"I did have plans for bridge," Militza said, her meekness so unusual anyone with half a brain would have been instantly alert.
"Well, that's settled then," Nadejda said, pleased Stefan's aunt was eliminated from her family party. She had tried to like her but found Militza had very little conversation; she couldn't talk about fashion or the latest gossip from Saint Petersburg. She read, it seemed, and helped train Stefan's polo ponies and actually oversaw the farms and vineyards on Stefan's estates. Nadejda found her odd, and thought Mama and Papa would prefer an intimate evening alone with Stefan.
"If there's anything you need…" Militza offered.

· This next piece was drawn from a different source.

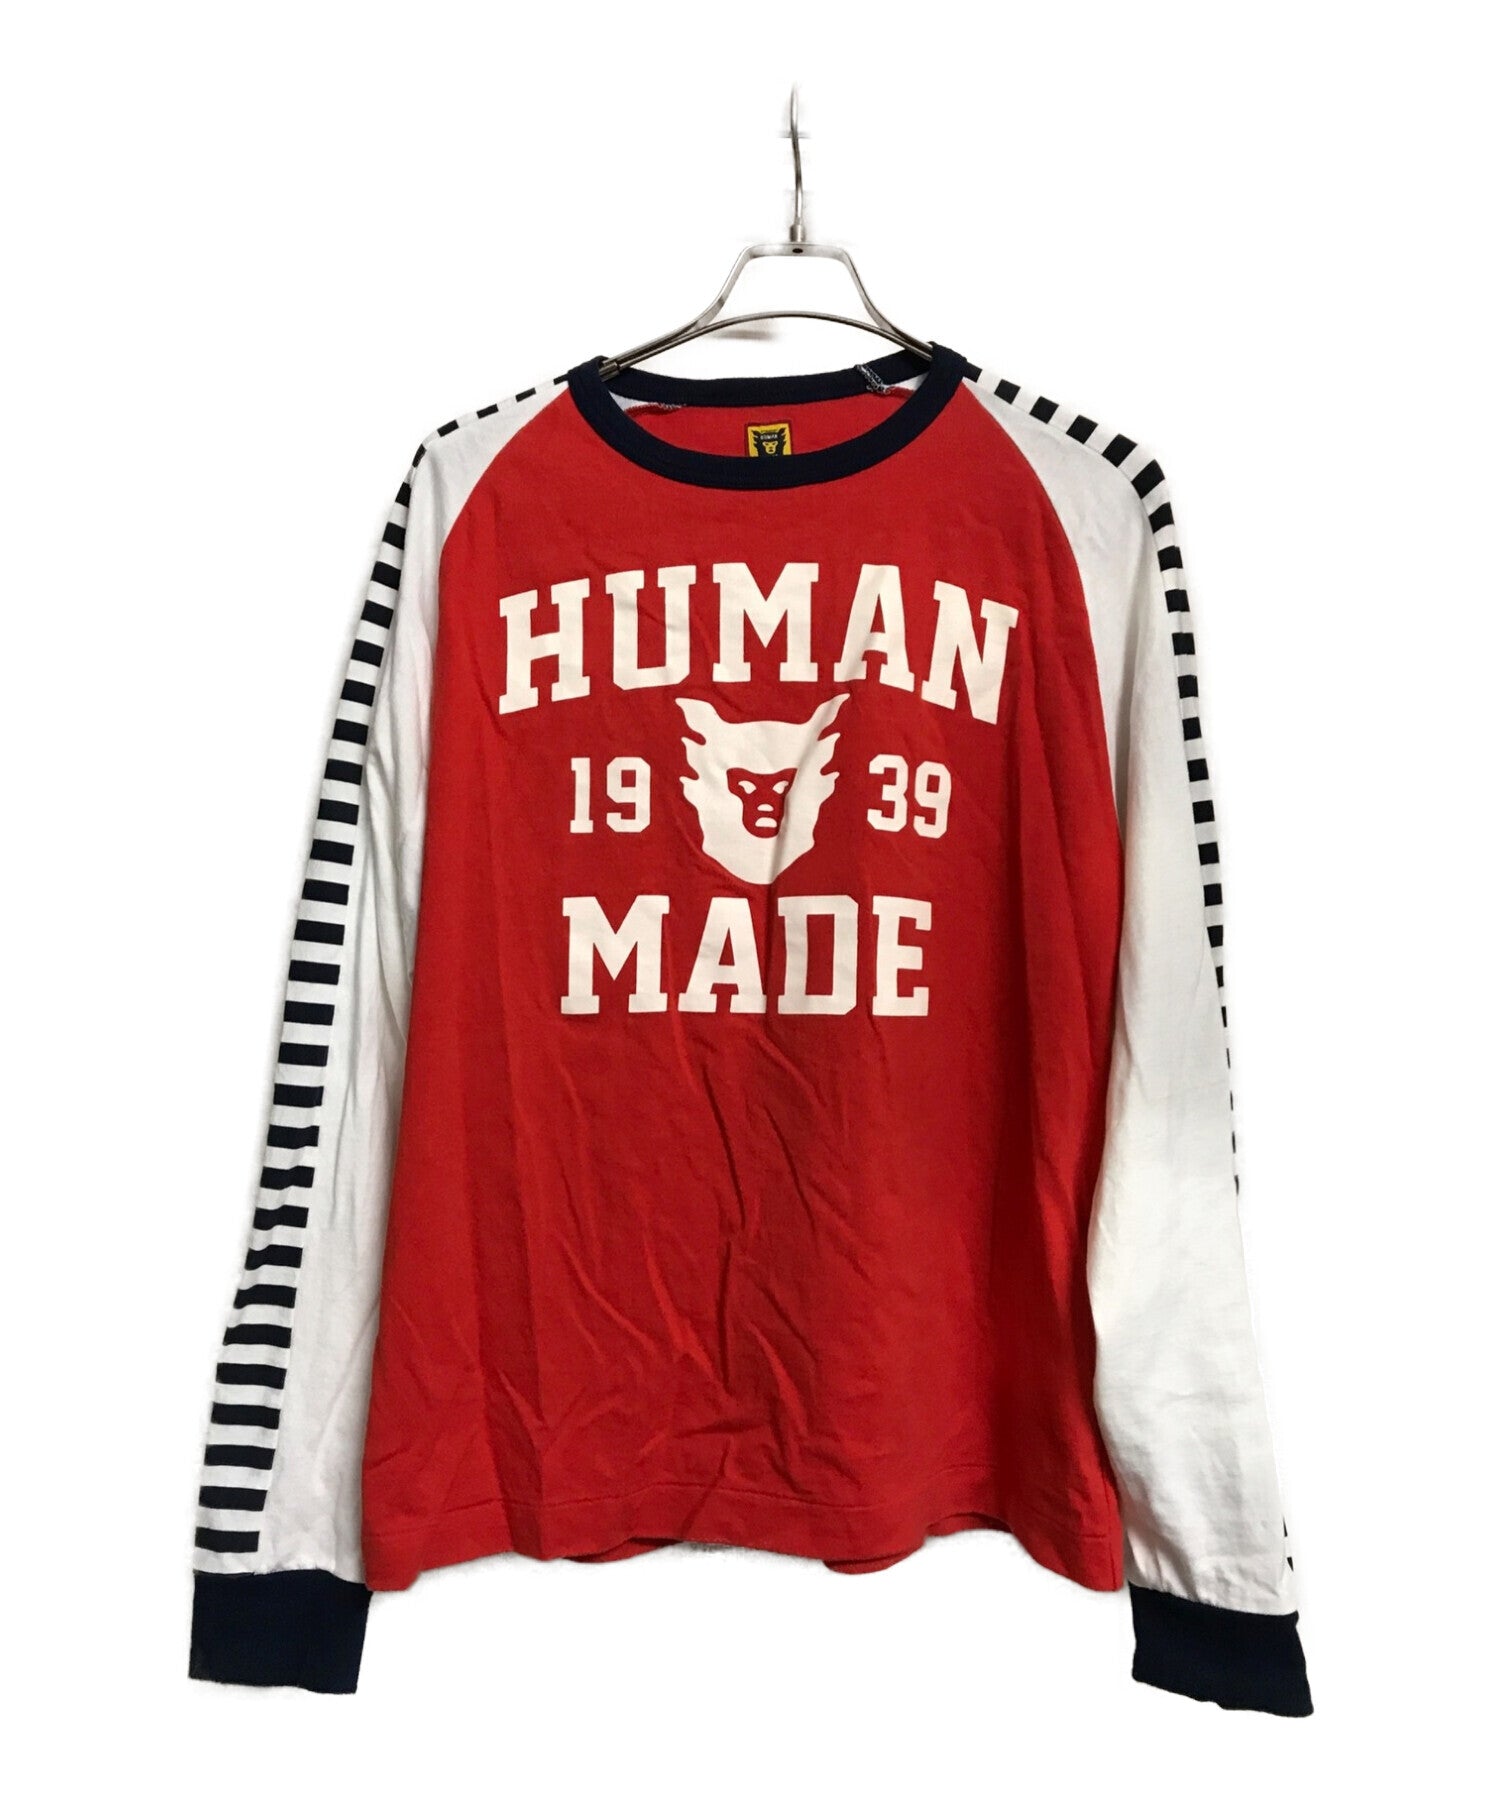 Shop HUMAN MADE at Archive Factory
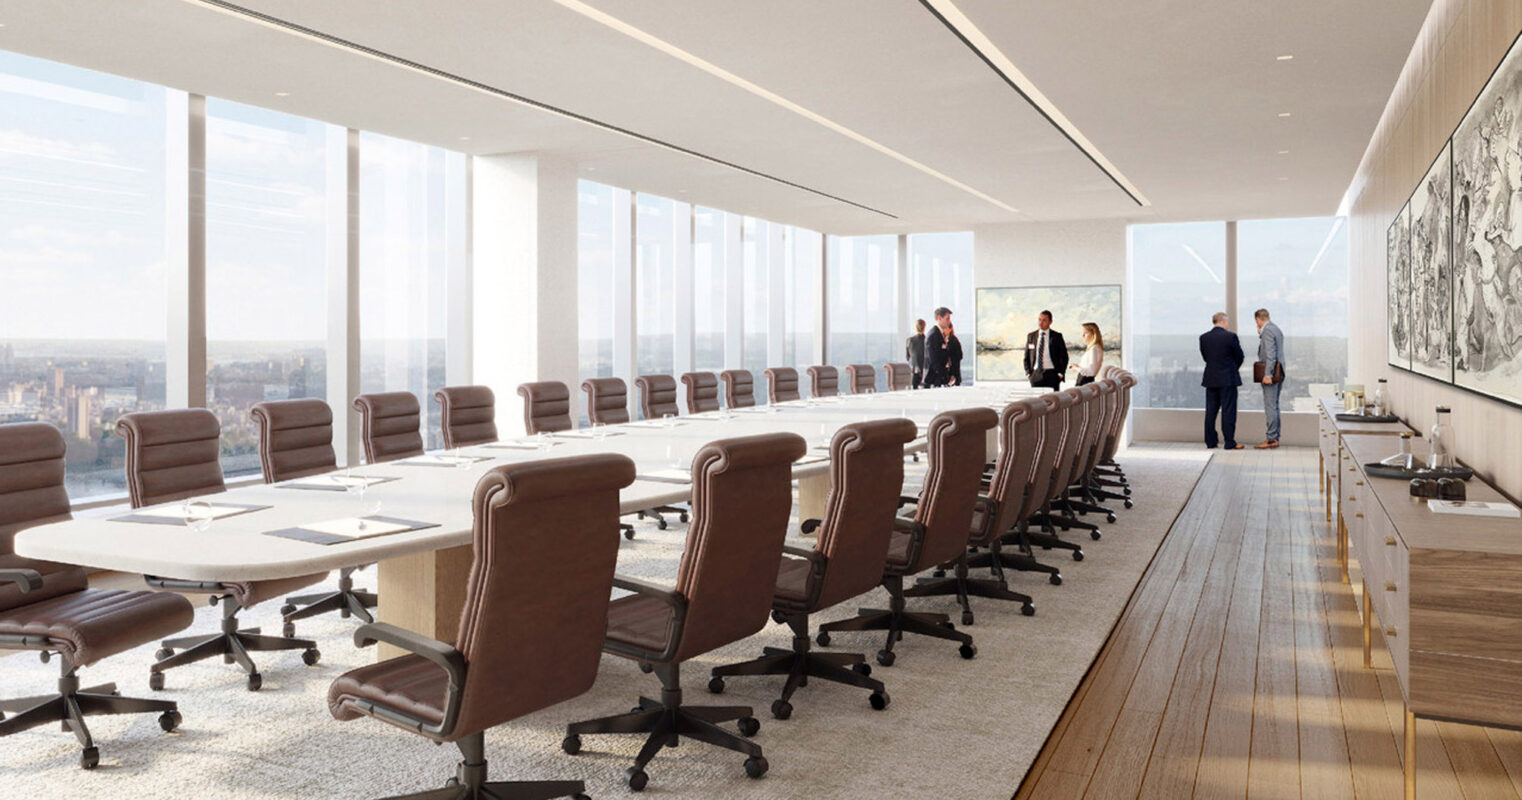 Spacious boardroom featuring floor-to-ceiling windows with panoramic city views, a long rectangular table, leather chairs, and a minimalist wood-panelled wall with integrated artwork. Natural light bathes the modern, professional space while individuals converse in the background.

"No, thank you, I'm sure the Viceroy's staff is adequate, and since tomorrow will be an enormously busy day," Nadejda said, rising, "I'll retire early. Have the carriage brought round at nine and I'll drive to the Viceroy's to gather the necessary servants." She could have been addressing her housekeeper. But then Nadejda viewed herself as a superior young woman from a superior family, and while the Orbelianis might be wealthy, they were, after all, not Russians but Georgians. She found it very satisfying that Stefan on his father's side was related to the Tsar.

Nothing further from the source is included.